Thursday, November 4, 2010

How the Hospitality Industry Cheats the Tax System

Author:佚名 Source:none Hits:99 UpdateTime:2008-10-19 0:01:12


Weddings. Galas. Corporate luncheons. Conferences. When big events roll through town, it can mean big money to the places that host them, but it can also mean that they have to hire temporary people to do the things that their staff would normally do like serving food, greeting guests,and mixing your drinks at the bar.

To meet these needs, many hotels, casinos, restaurants, and catering companies rely on staffing agencies when they need a few extra hands on deck. Staffing agency employees may also fill in for any staffing shortages, acting as bartenders, housekeepers, chefs, dishwashers, and hosts on short- or long-term assignments. And, even though the companies are a good idea, some of these staffing agencies are a continual, painful blemish on the hospitality industry due to their tax evasion policies.

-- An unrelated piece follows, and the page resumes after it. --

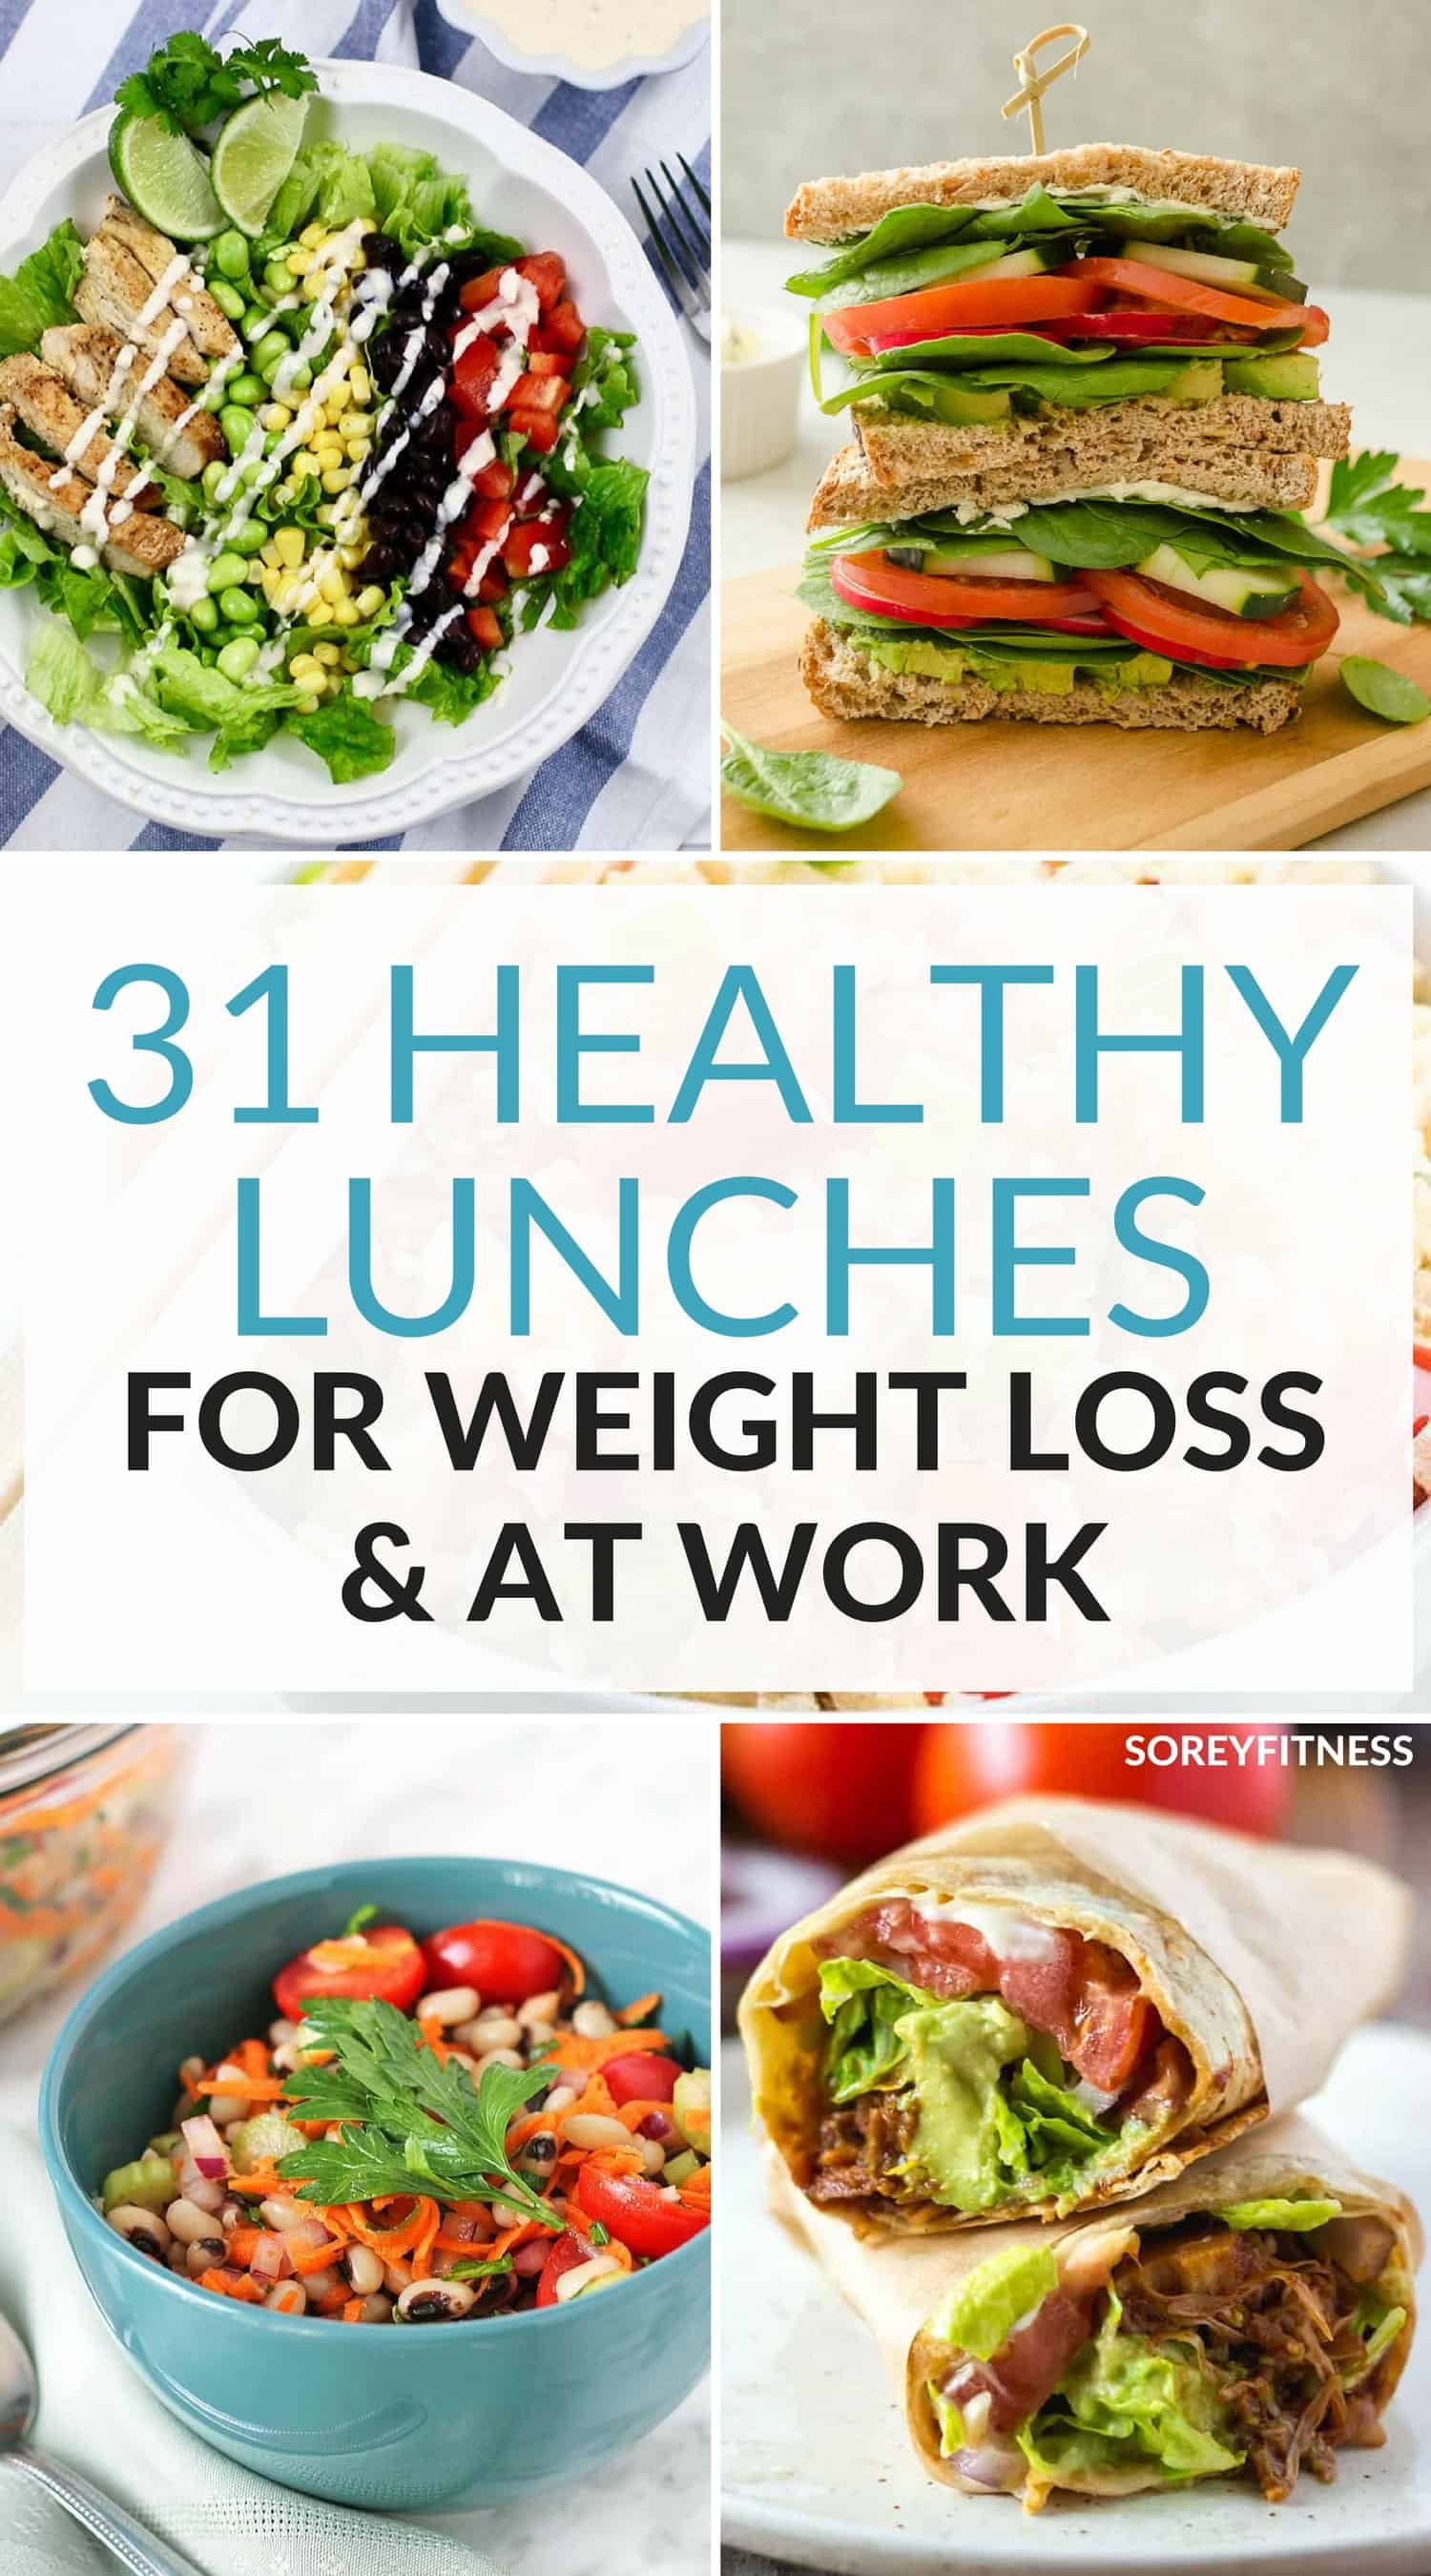 31 healthy lunch ideas for weight loss while at work

And they're not just ripping off the IRS this tax evasion affects taxpayers, the entire hospitality industry, and, ultimately, the hospitality industry employees.

How tax evasion works

The tax evasion in the service and staffing industries is simple: by reporting rightful employees as "independent contractors" to the government, staffing agencies can avoid paying hefty employment taxes.

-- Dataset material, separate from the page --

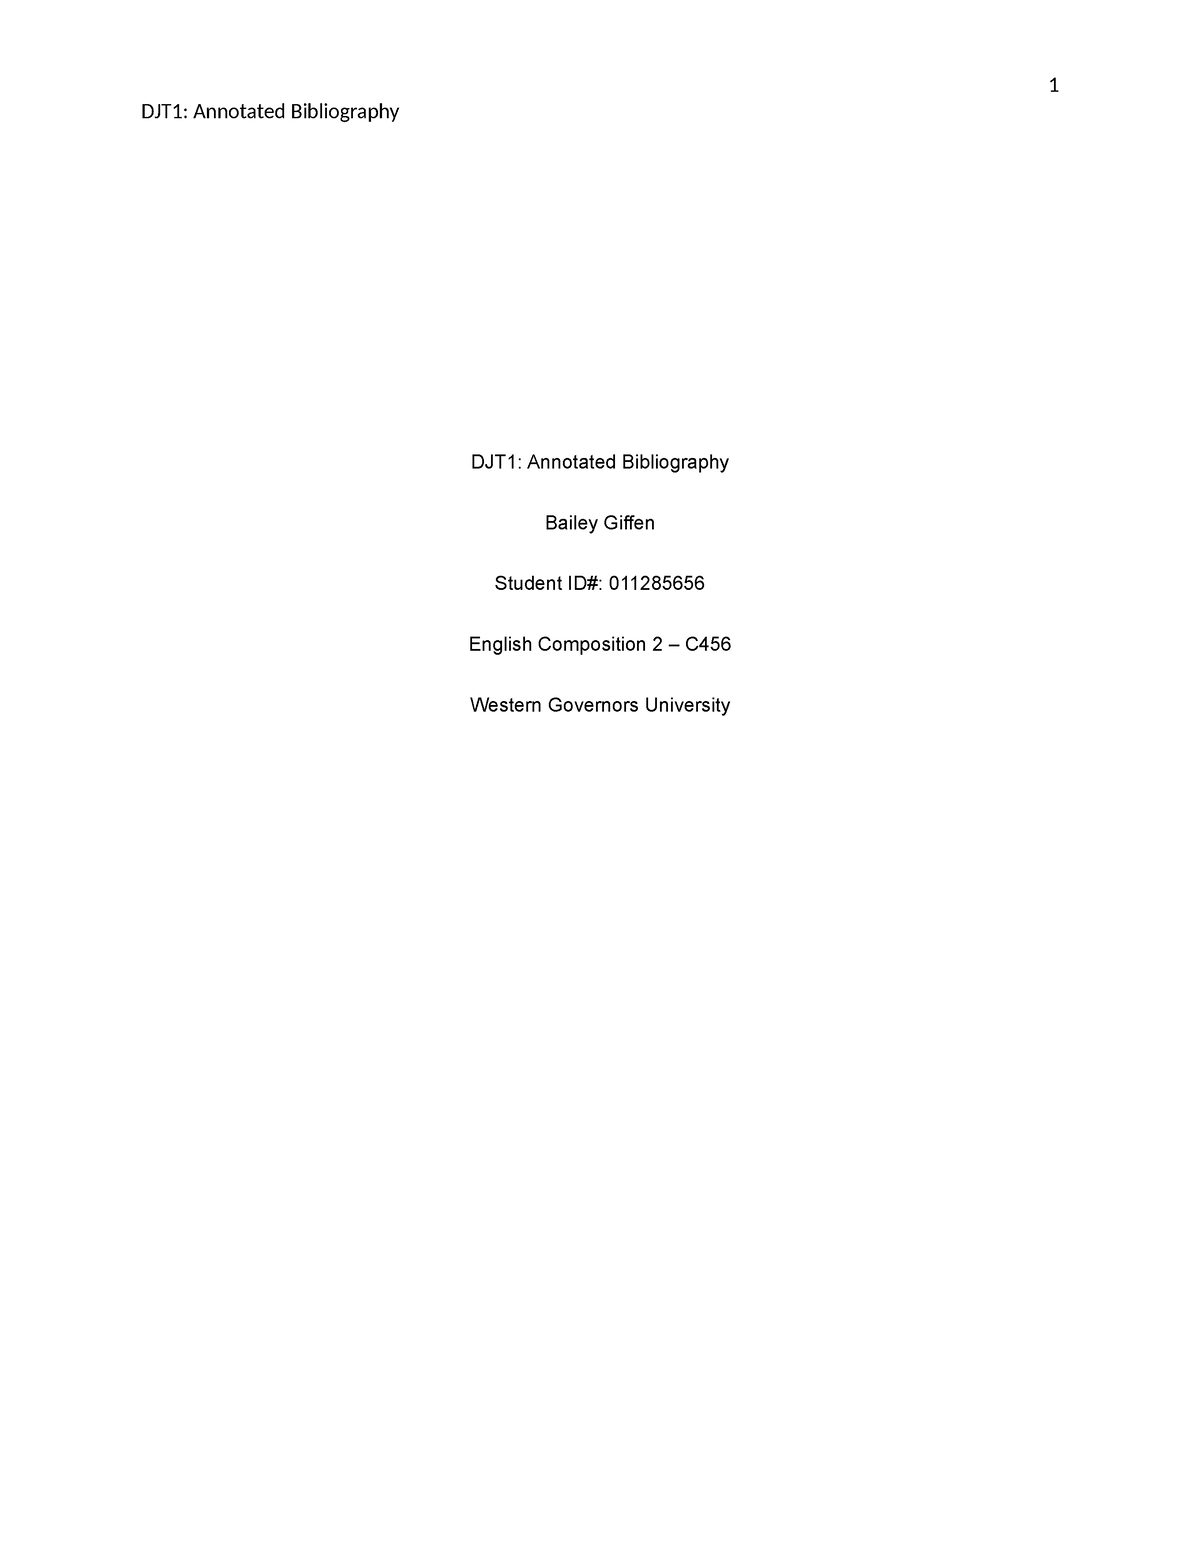 Annotated Bibliography - DJT1: Annotated Bibliography DJT1: Annotated ...

This means that the employees themselves end up footing the bill for all of their employment taxes, all the while forgoing regular employee benefits like health insurance coverage. Moreover, this tax evasion hurts the entire hospitality industry.

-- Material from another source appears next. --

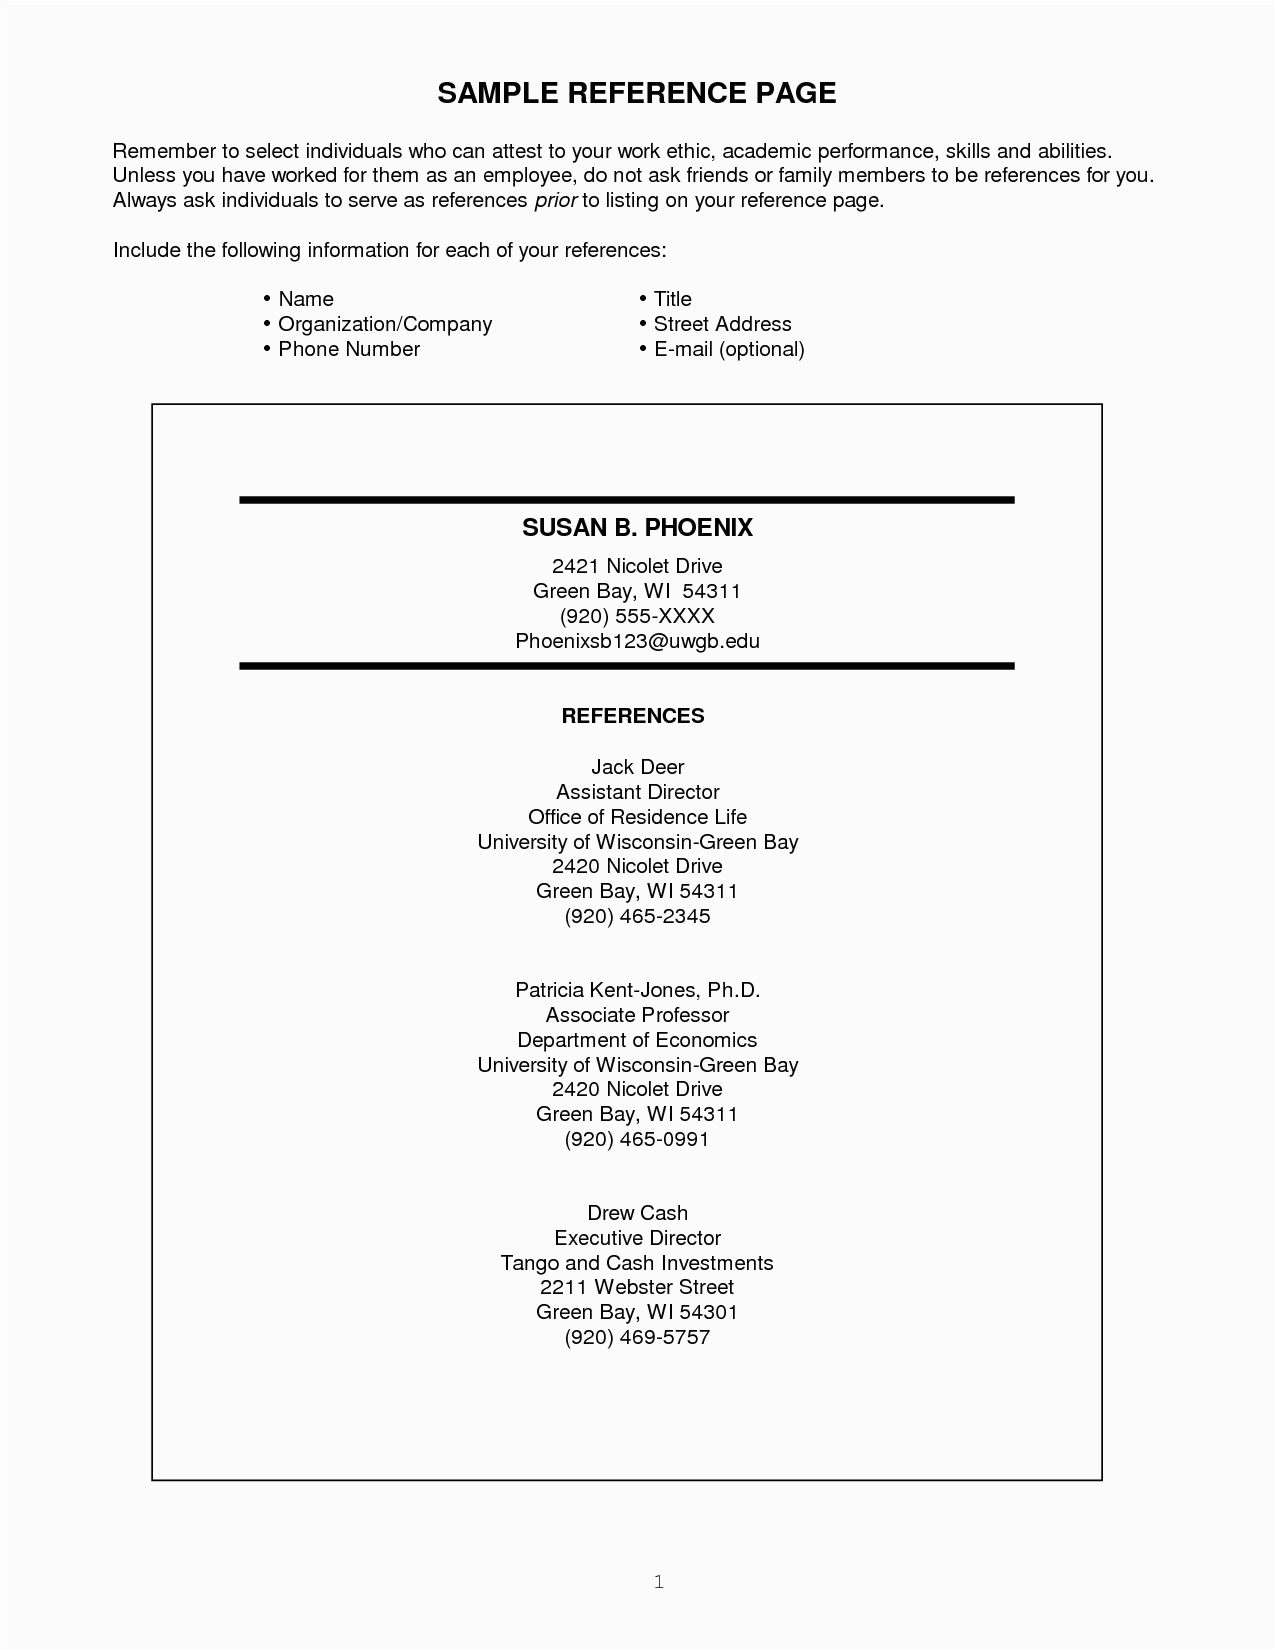 resume reference page 3191

Staffing agencies who properly file and pay taxes on their employees can't keep their prices competitive. And the contracting institutions, like hotels, restaurants, and casinos, may find themselves in sticky legal liability situations.

And that's not to mention the toll this takes on the taxpayers: Tax evading staffing agencies withhold money from public funds while depleting the resources of government assistance programs.

It's important for all hospitality industry professionals to know exactly what they're getting when they hire a staffing agency. Certainly not all hospitality staffing agencies purposefully try to defraud the government. But the ones that do get away with it rely on the hazy, often confusing employment law question of where an employee stops and a contractor begins.

Contractor or Employee?

The IRS has very clear rules about properly classifying employees. Their website, www.irs.gov, has an entire section devoted to the problematic question of contract workers and employees, but the basic rundown is:

Independent Contractors

IRS rule: "An individual is an independent contractor if you, the person for whom the services are performed, have the right to control or direct only the result of the work and not the means and methods of accomplishing the result."

This means that an employer can't tell an independent contractor when to be at work, when to leave work, how to do his work, what to wear, etc. The employer can only control the deadline by which the independent contractor's work must be finished.